FAZALALI, SYED MURTAZA FAZALALI, SYED MURTAZA VARADARAJAN, A. (J) MUKHARJI, SABYASACHI (J)

CITATION: 1984 AIR 1523 1984 SCR (3) 1 1984 SCC (4) 83 1984 SCALE (2)6

ACT:

Constitution of India-Art. 136-Supreme Court-When would interfere with the appreciation of evidence by the High Court.

Code of Criminal Procedure-S. 154-FIR-Cryptic information on phone to police-Cannot be treated as FIR- Being first in point of time make no difference-Name of assistant not mentioned in telephonic message-Whether discredits prosecution case.

HEADNOTE:

The respondent, Secretary of the workers union of a construction company, D.W. 1, Vice-President of the Union, the deceased and P.Ws. 5 and 7, officers of the company and P.W. 6, standing counsel of the company were all coming out of the office of an industrial tribunal after filing their written statements in a dispute raised by the workers. The prosecution case was that at the main gate of the tribunal's building the respondent suddenly started firing from a pistol and shot dead the deceased. As firing was going on, a telephonic message conveying the fact that gunshots were being fired was sent to the nearby police station on receipt of the telephonic message the police arrived at the spot, seized the pistol and took the respondent and some of the witnesses to the police station where a formal FIR was registered. The Session Judge convicted the accused under s.

302 IPC and s. 25 (1) (a) of Indian Arms Act and sentenced him to life imprisonment and one years' rigorous imprisonment respectively. On appeal the High Court reversed the judgment of the Sessions Judge. The High Court observed that if P.W. 7 had given the telephonic message, as stated by D.W. 1. he would have mentioned the name of the assailant because he was a full-fledged eye-witness but since his name had not been mentioned it was the strongest Possible circumstance to discredit the prosecution case. Hence this appeal.

Allowing the appeal,

HELD: Normally this Court does not interfere against the judgment of 2 the High Court purely on appreciation of evidence. But this Court would interfere with the decision of the High Court if there appear to be very special circumstances which have been either overlooked or not considered by the High Court or the High Court does not appear to have examined the intrinsic merits of the evidence of the witnesses but has proceeded to acquit the accused on general grounds which are wholly untenable. [5B-C] A cryptic information on telephone has been held by this Court to be of no value at all. The mere fact that the information was the first in point of time does not by itself clothe it with the character of first information report.
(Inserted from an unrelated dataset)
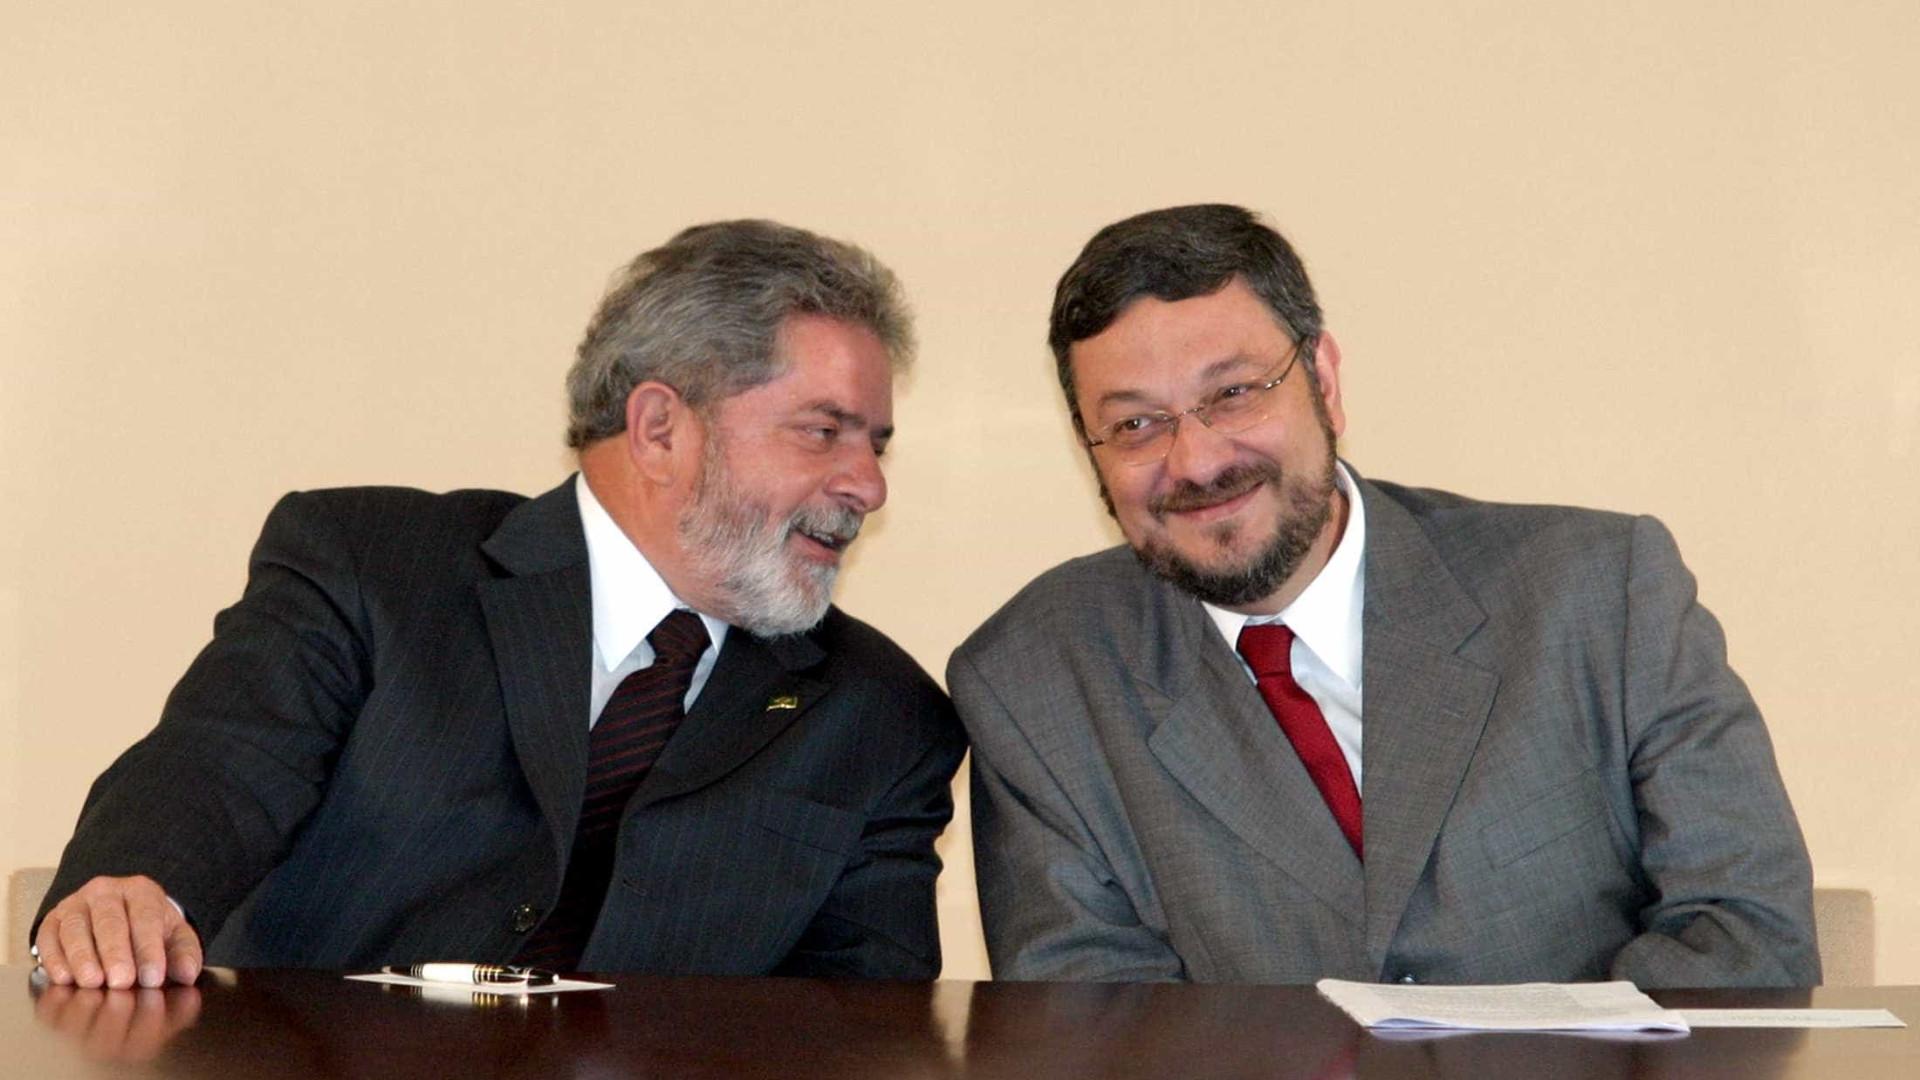 Odebrecht: MPF acusa Lula e Palocci de receberem US$ 40 milhões

Tapinder Singh v. State of Punjab, [1971] 1 SCR 599, referred to In the instant case the telephonic message was an extremely cryptic one and could not be regarded as a FIR in any sense of the term.
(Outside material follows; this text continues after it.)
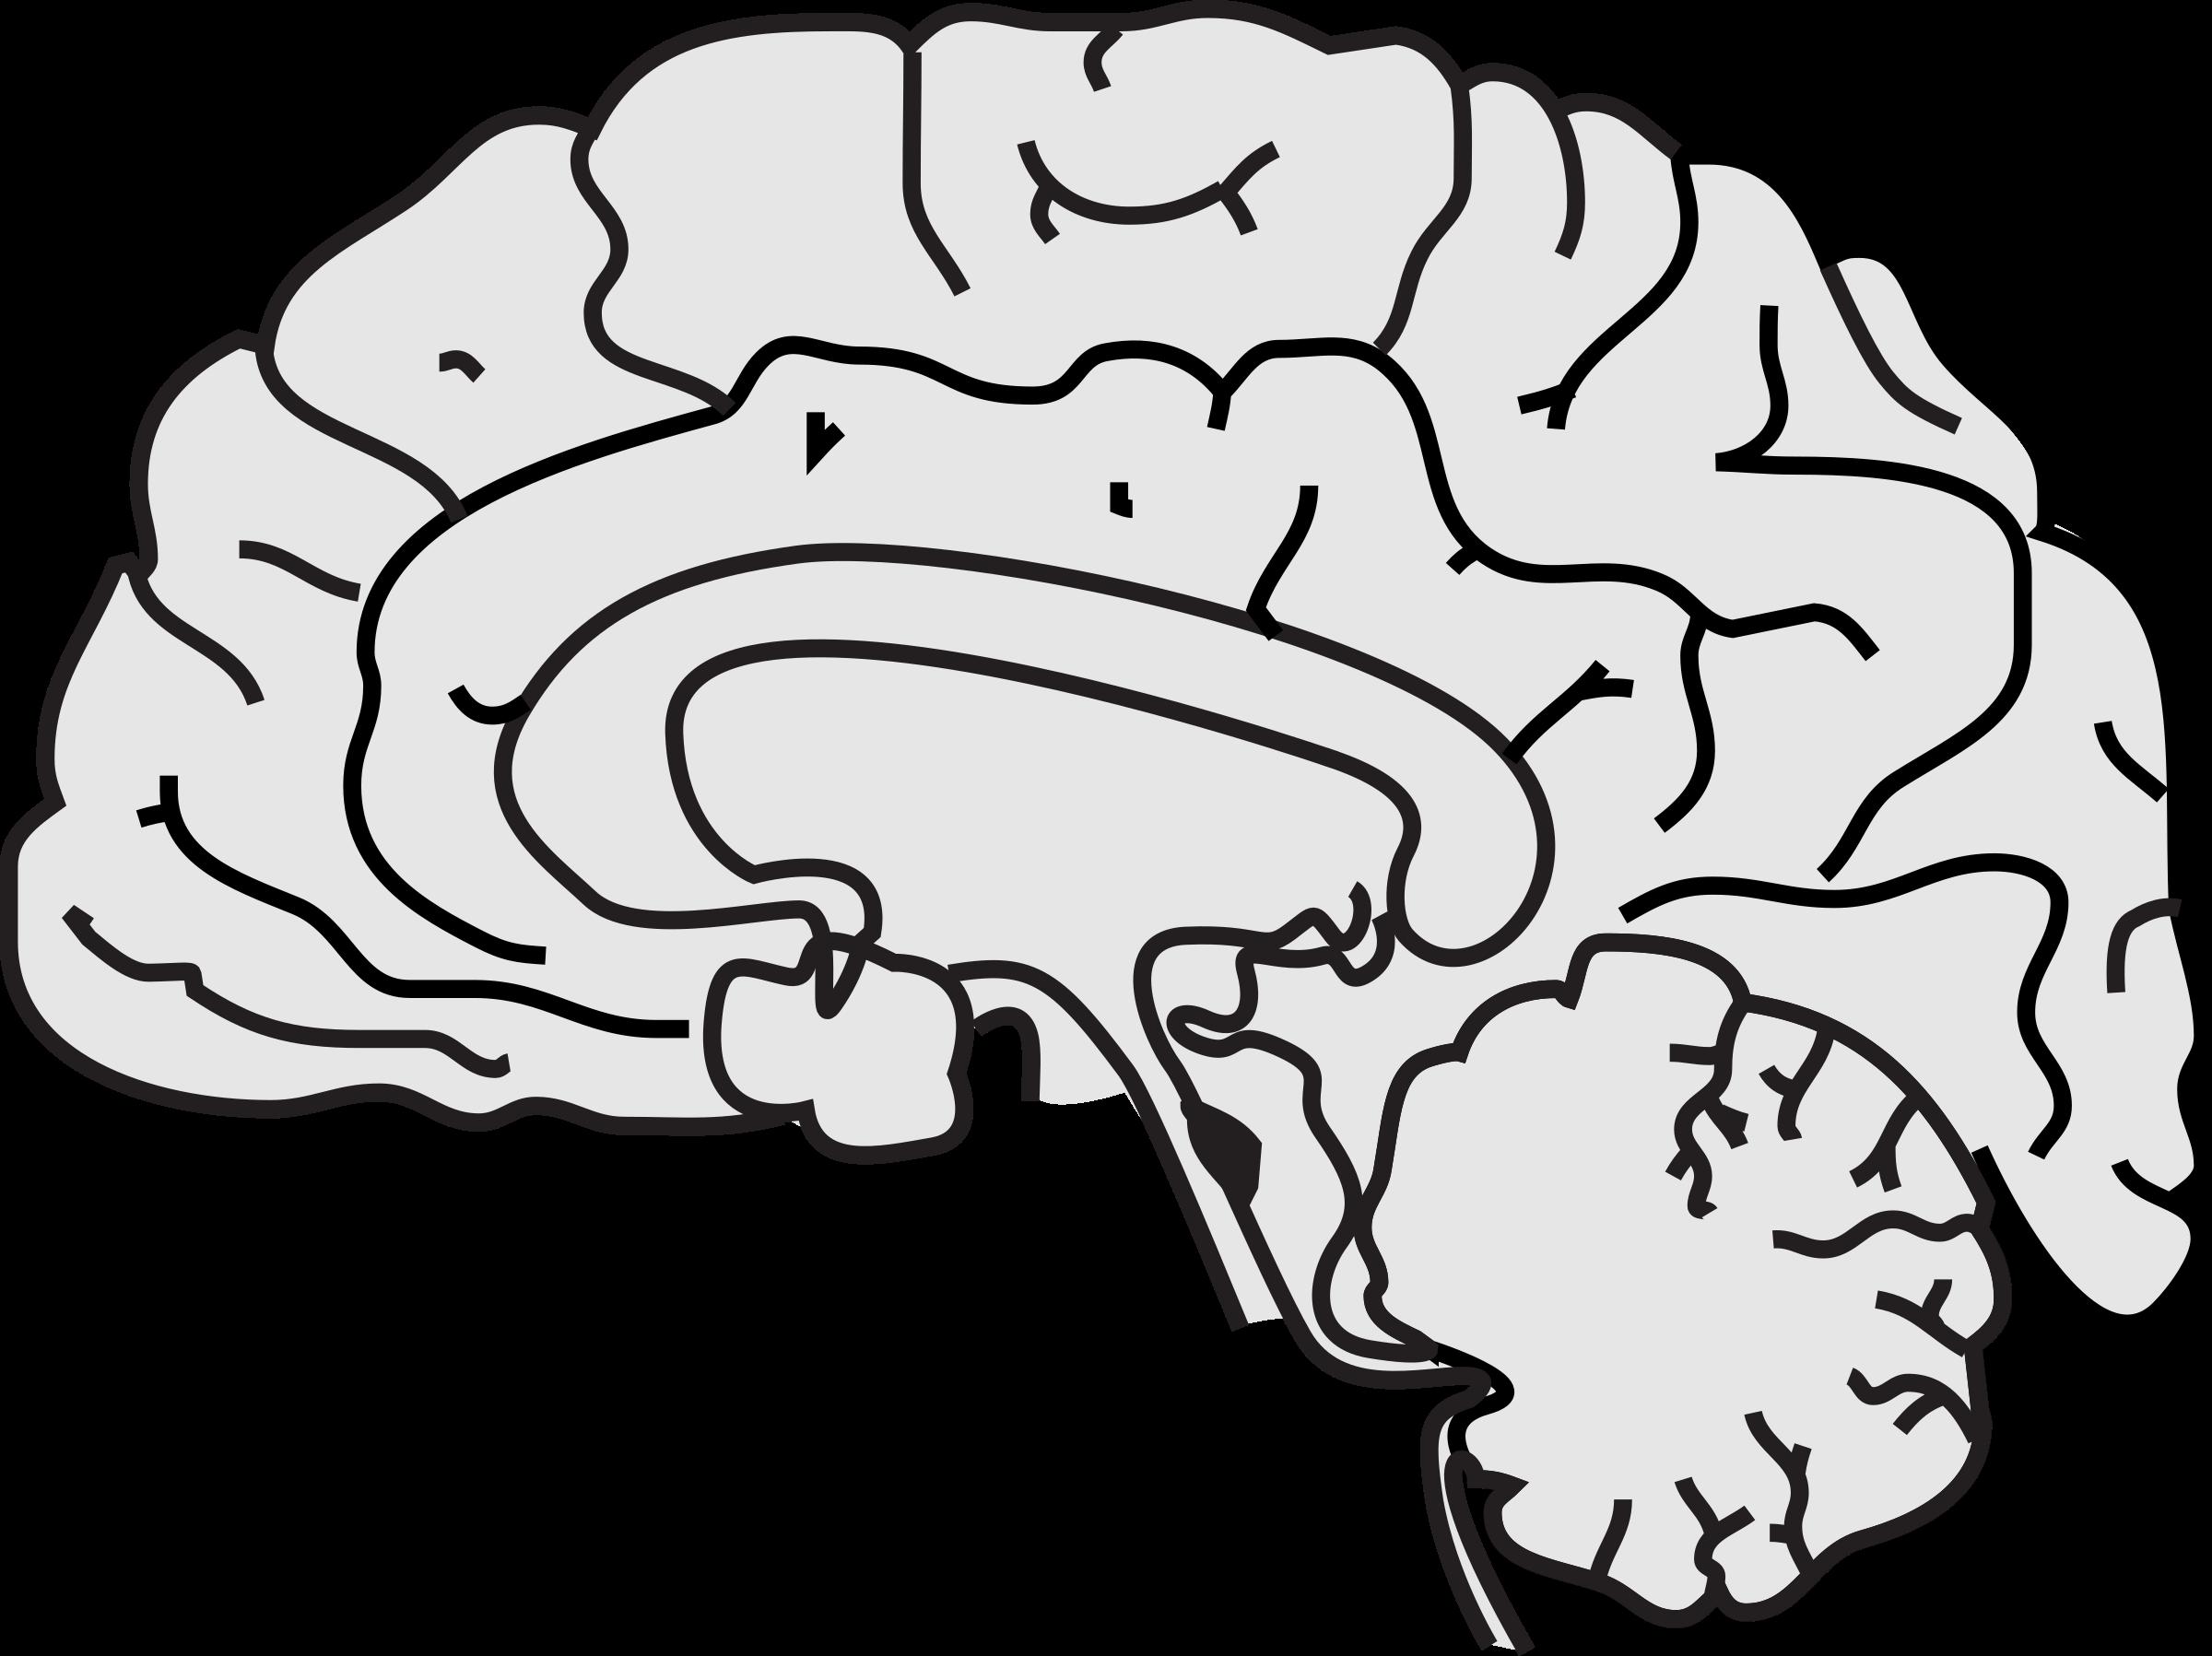 Simple big image png. Clipart brain pdf

The High Court has applied two different standards to assess the evidence of the prosecution and that of the defence. While the High Court accepts the uncorroborated evidence of D.W. 1, who is as much interested in the dispute as the deceased, if not more, being Vice-President of the Union and also in possession of the brief case of the respondent, yet it disbelieves the evidence of P.Ws. 5 and 7 mainly on the ground that they were highly interested.

[7H, 8A-B] The High Court completely lost sight of two important facts-(1) that P.Ws. 5 and 7 were high officers of the company and were not likely to depose falsely on a matter like this, and (2) that r.W. 6, who was the standing counsel of the company and other labour cases for more than 3 decades, fully corroborates the evidence of P.Ws. 5 and 7.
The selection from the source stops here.